This month in Pulse College Guest Lecture Feature we talk to Keith Bailey, Final Cut Trainer. With a PhD thesis in the “Aerodynamics of International America’s Cup Class yachts” he changed career direction deciding to follow his love of film, becoming Final Cut Studio Master Trainer proving no career path is set in stone. Putting his video skills into practice with his role as coach for high-performance rowing athletes by provided sports-video feedback. In 2006 he was sponsored by Apple to become a Final Cut Pro trainer. Keith now trains in all products in the Final Cut Studio Suite and also is an Adobe Certified Instructor in Premiere Pro. His knowledge of workflows and round-tripping through the various post-production software products brings a unique holistic slant to training courses.

Q1: You started your college career in aerodynamics with your thesis on International Americas Cup Class yachts. Quite a mouth full and quite an unusual degree tell us about the reason behind the course choice?

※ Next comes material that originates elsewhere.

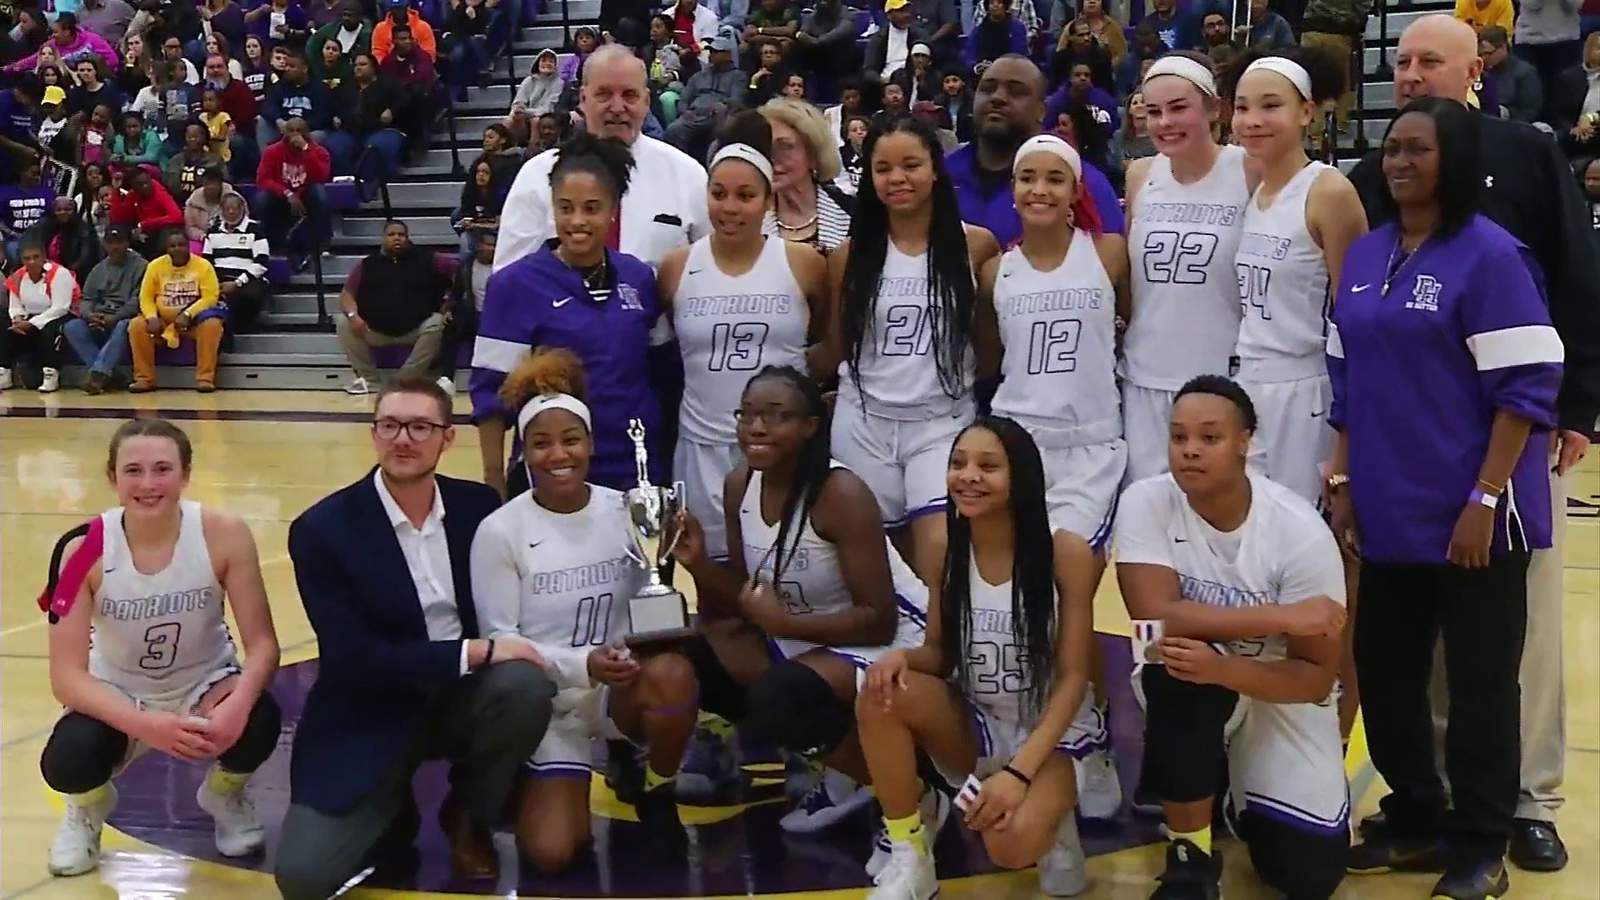 HIGHLIGHTS: Patrick Henry boys and girls clinch Region 5D titles
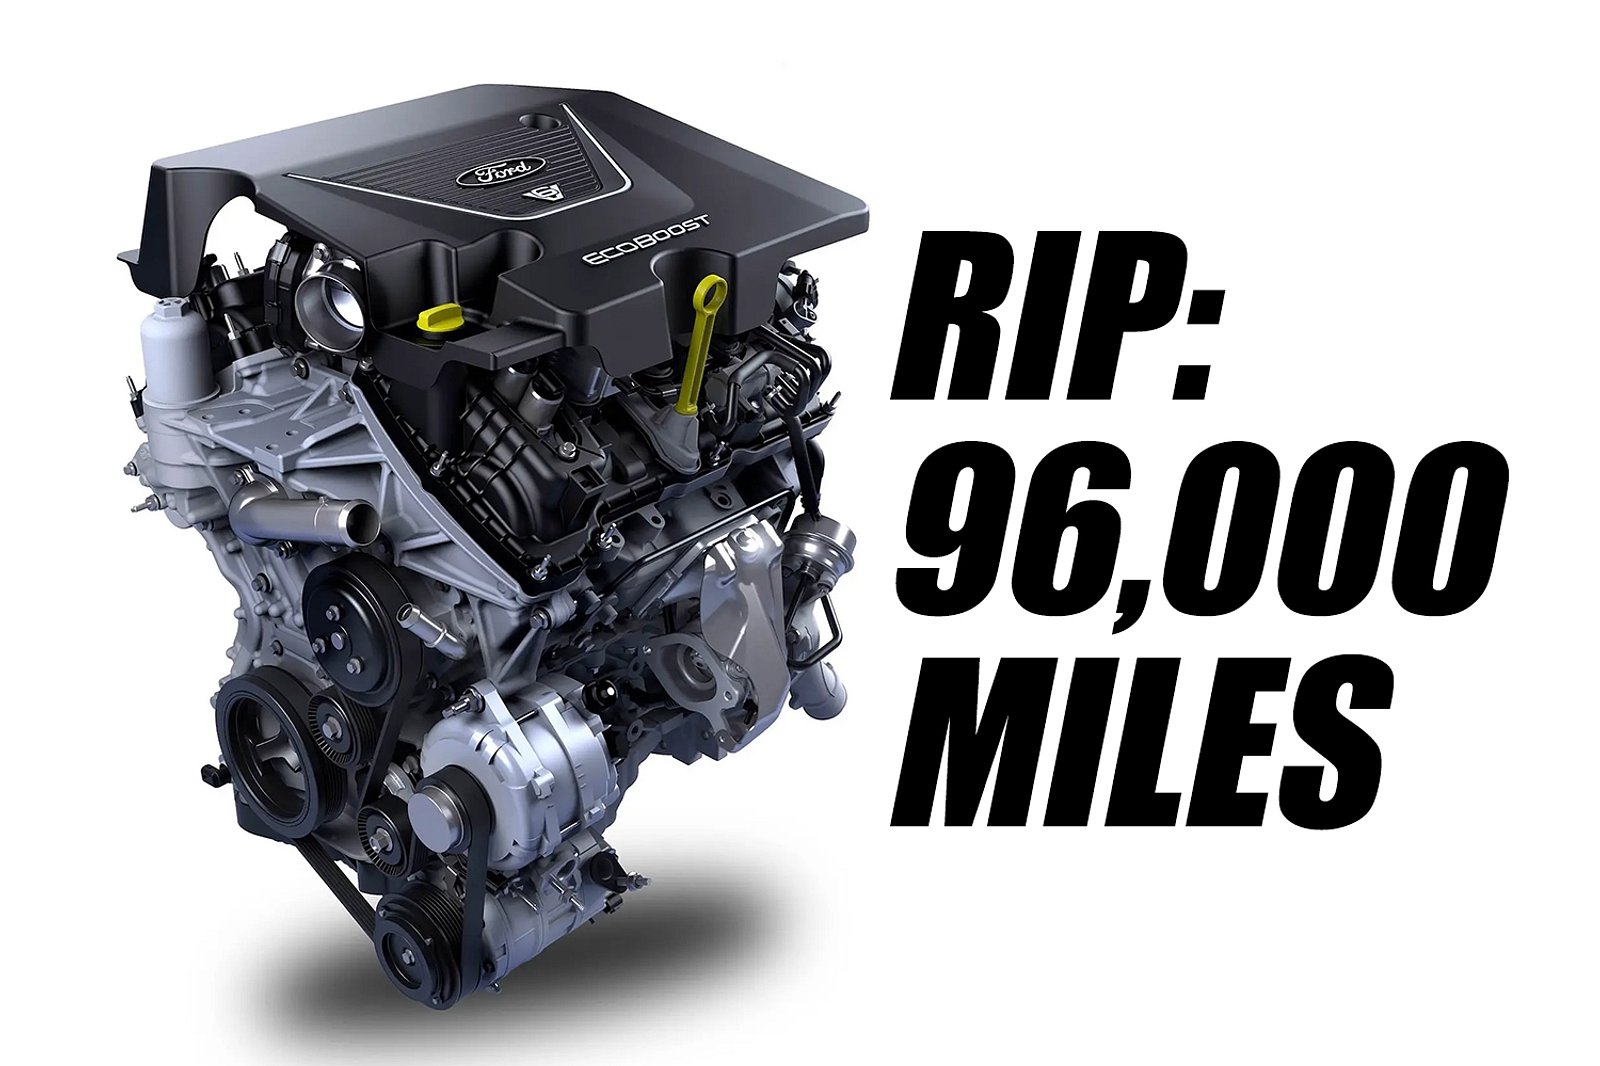 video, engine teardown shows why ford f-150's ecoboost v6 died at 96k miles

A: Thankfully International America’s Cup Class has the acronym IACC so that shortens things up. As for the choice of course, well it stems back to getting my Commodore 64 in 1986. I was learning to program graphics and New Zealand had entered the America’s Cup off Fremantle, Perth. I used the event to program the results tables showing who beat whom through the different stages and discovered that the New Zealand boat was doing well so I became interested in sailing and yacht design. In the Eighties New Zealand was a force in the Whitbred Round the World Race, some Olympic classes and as history shows a subsequent winner and defender of the America’s Cup itself. I dabbled with architecture for a while but discovered that I preferred distinguishing the curves of a yacht rather than house floor plan which comprised of a collection of rectangles. The University of Auckland School of Engineering had also recently set up a Yacht Research Unit for post-graduate students so I set my sights on an engineering degree in order to get into the YRU for a Masters or Doctoral degree.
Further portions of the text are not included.